Medical services: patient
Since the costs do not play a role in the use of medical services, there is a risk that patients will request too many services, even those that are of very little or no use. The resulting costs are borne by the general public and make the overall system more expensive. In this case, the term ex-post moral hazard is used in health economics.
Medical services: doctor
The moral risk also occurs with the practitioner, e.g. B. the doctors: Because the costs of the treatment are not paid by the patient directly, but by his insurance, the practitioner is tempted to carry out unnecessary and / or too expensive treatments.
In the case of debts, there is a risk that debtors will become highly indebted assuming future debt relief ( debtor moral hazard ); Likewise, creditors who do not participate in debt relief could use the financial leeway created by debt relief to grant further credit ( creditor moral hazard ). Overall, debt relief offers debtors high incentives not to improve their economic performance.
The term shirking deals with the problem that employees reduce their performance because employers can only imperfectly control performance. This reduces the risk of sanctions for employees that should be associated with a reduction in performance. Performance bonuses or piecework can motivate workers to perform better.
A recipient of social benefits ( Hartz IV , unemployment or disability benefits ) is punished for accepting precarious work if the social benefits are first reduced through (modest) economic advancement and in the event of need again (e.g. unemployment , illness or accident ) the income from wage labor falls earlier than the social benefit support is reactivated. By waiting for various deadlines, the total income, including social benefits, can be lower in the case of temporary gainful employment than in the case of continuous receipt. The conflict can be defused by calculating social benefits on a long-term basis (with different assessments of the cases of new withdrawals or re-withdrawals) as well as a quick and uncomplicated procedure for reactivating social benefits.
Drivers drive more recklessly after taking out insurance because any damage would be covered by the insurance.
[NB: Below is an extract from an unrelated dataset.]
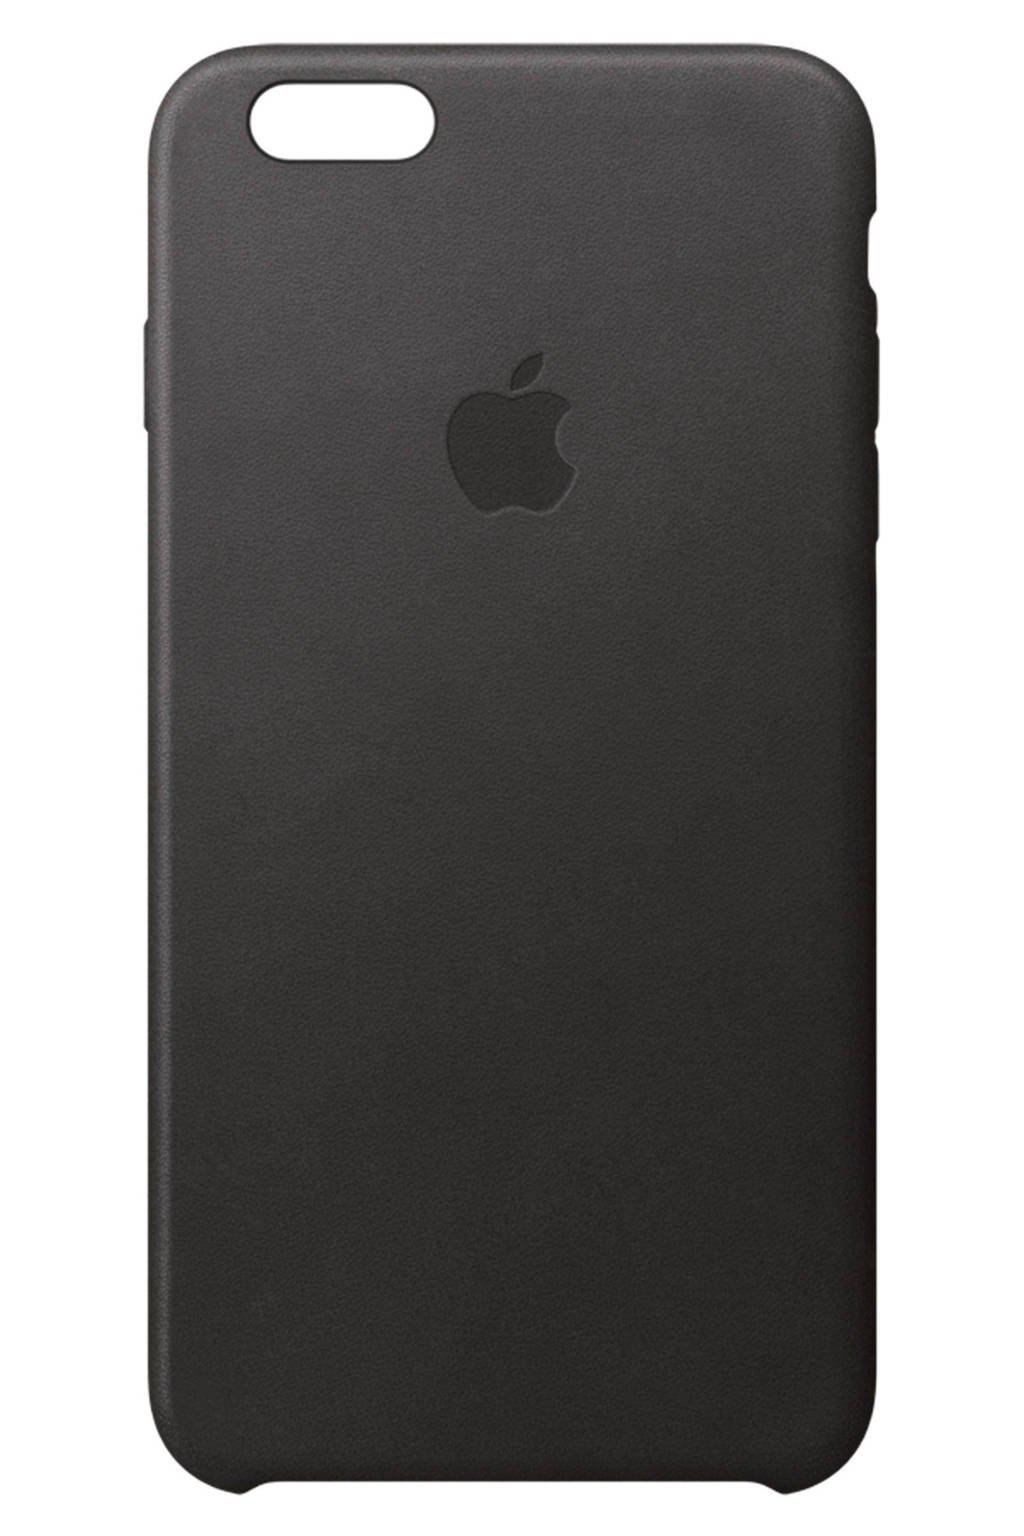 Rusteloosheid aankomen regen Apple iPhone 6/6s leren case | wehkamp

In the worst case, damage is intentionally caused by car bums . This also applies to all property and life insurance . One possible solution is a high deductible or deductible, which reduces the risk for the insurance company, but also reduces the protection provided by the insurance for the policyholder ( conflicting objectives ).
In the event of economic crises in individual states or large companies of systemic importance , the international institutions and the large industrialized countries are forced to step in with rescue operations so that the individual state or large companies do not carry the entire economy with them through contagion - actors such as the central banks play the role of the Lender of last resort . This can lead to risky behavior by individual governments and large corporations who trust that they will need help if necessary. When companies pool losses, but can skim off profits themselves and are thus motivated to risky behavior, one can also speak of the risk incentive problem .
As a moral-philosophical theorem of liberalism and neoliberalism to explain the phenomena of economic crisis, moral risk is based on the ethical notion of the “badness of man”, which in extreme form leads to an “ ontologization of rule in the sense of an end of history”.
- Mankiw: Fundamentals of Economics. Volume 631 (continuing)
- Malcolm Gladwell: The Moral Hazard Myth.
- Arnold Picot: The limitless enterprise. Th. Gabler GmbH, Wiesbaden 2003.
- Arnold Picot: Organization - an economic perspective. 2005
- Hermann May, Hans-Jürgen Albers: Handbook for economic education. P. 438
- On the moral hazard involved in rescue operations by the central banks, cf. Gerhard Illing: The liquidity crisis looks darker in the United States than in Europe. FAZ , August 16, 2007, p. 19
- Hartmut Ihne / Jürgen Wilhelm, Introduction to Development Policy , 2013, p. 99
- Holger Schatz: work as rule. The crisis of the achievement principle and its neoliberal reconstruction. Münster 2004, page 252ff.